[[ Material shown, beginning ]]

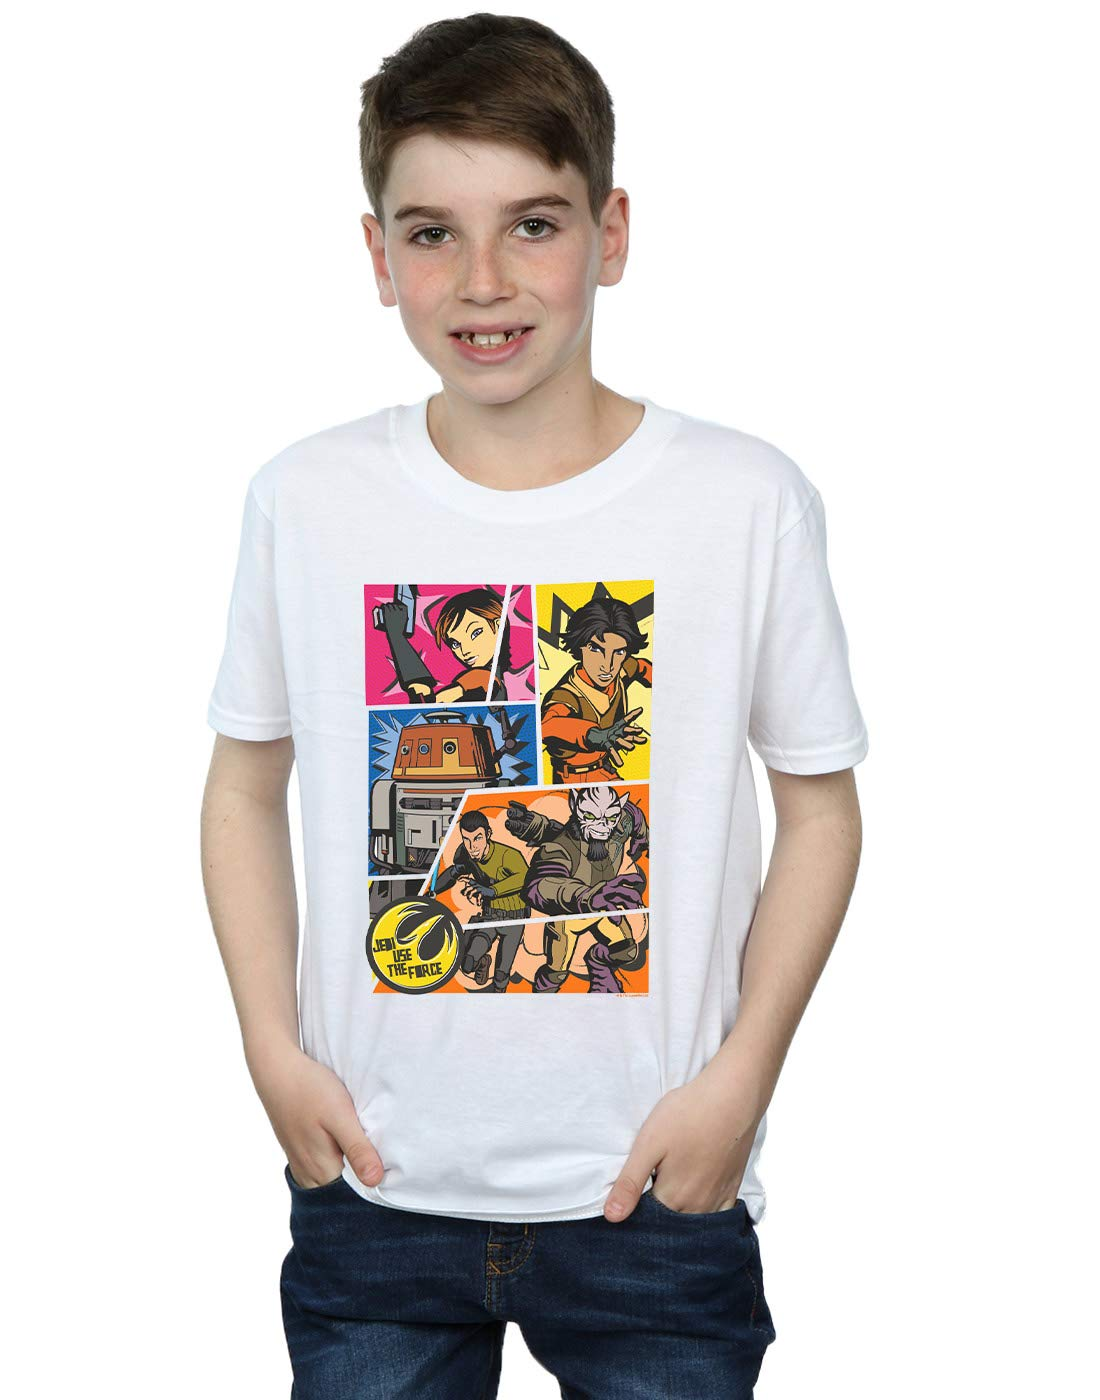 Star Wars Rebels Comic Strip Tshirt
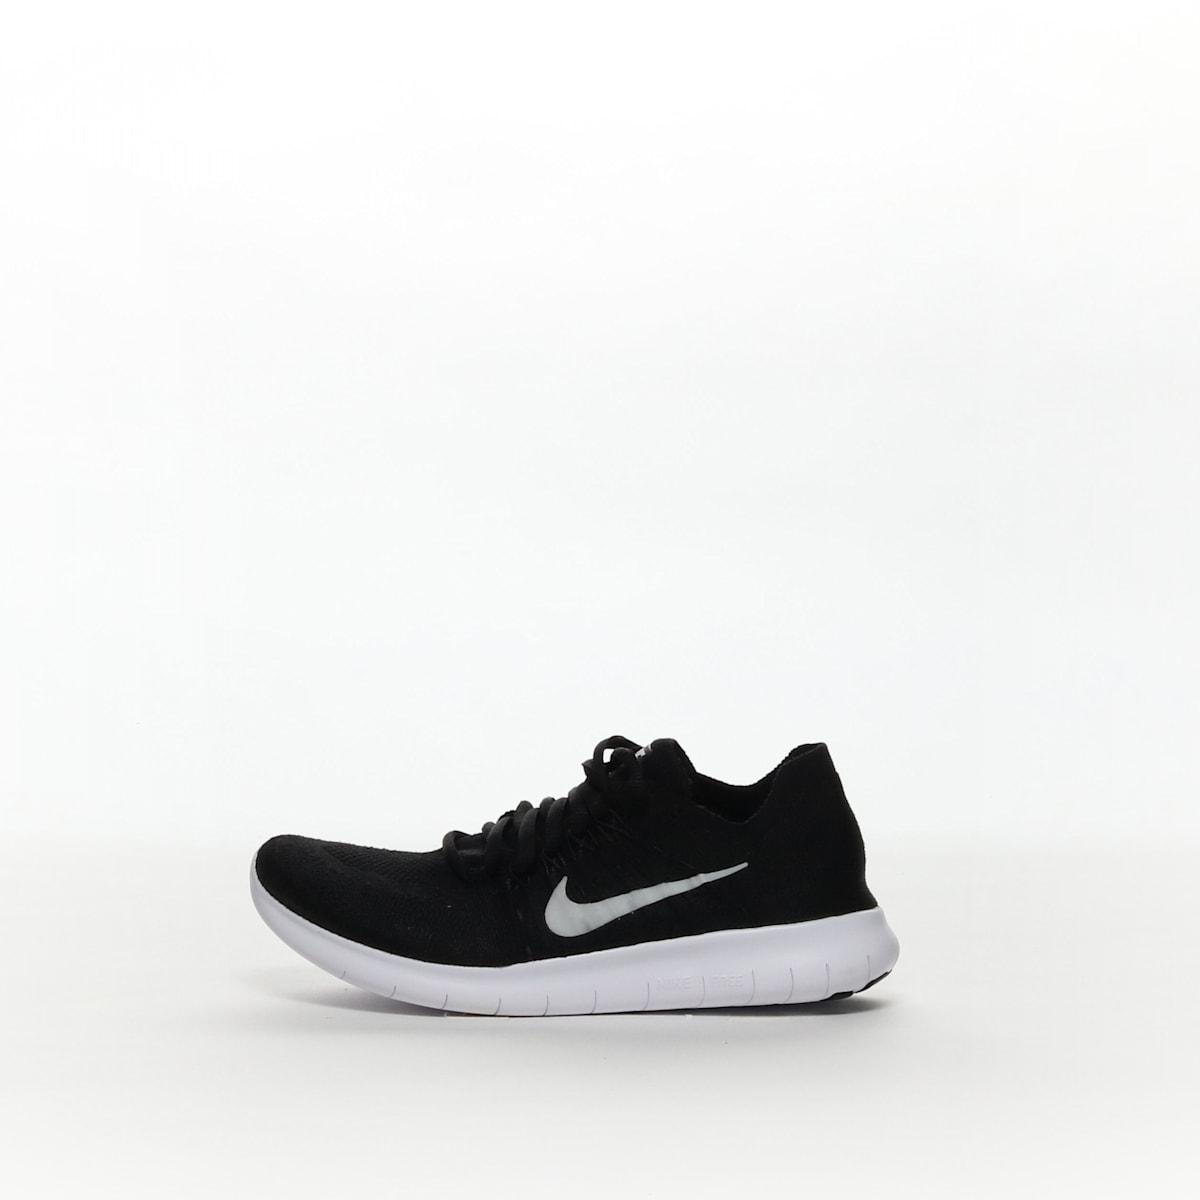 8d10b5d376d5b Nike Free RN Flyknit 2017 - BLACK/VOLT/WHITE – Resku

[[ Material shown, end ]]
[[ Material shown, beginning ]]

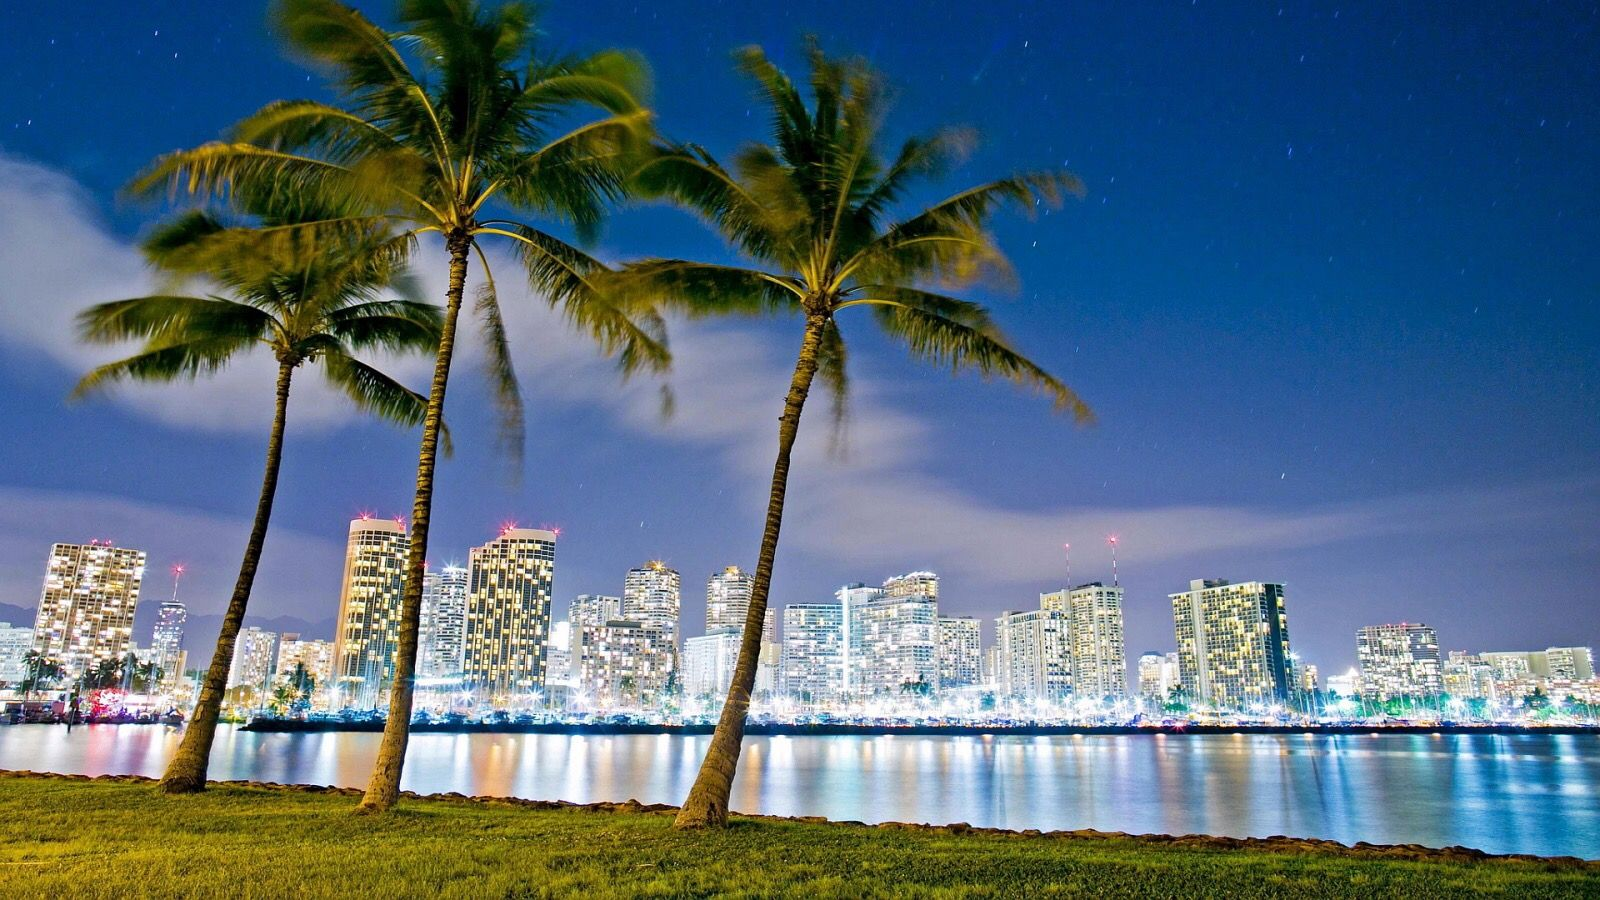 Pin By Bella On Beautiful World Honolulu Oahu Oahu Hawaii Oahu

[[ Material shown, end ]]

Please repeat the lines of the material above exactly, starting with the line that contains "Star Wars Rebels Comic Strip Tshirt" and ending with the line that contains "8d10b5d376d5b Nike Free". Leave the pictures out.

 Star Wars Rebels Comic Strip Tshirt
 8d10b5d376d5b Nike Free RN Flyknit 2017 - BLACK/VOLT/WHITE – Resku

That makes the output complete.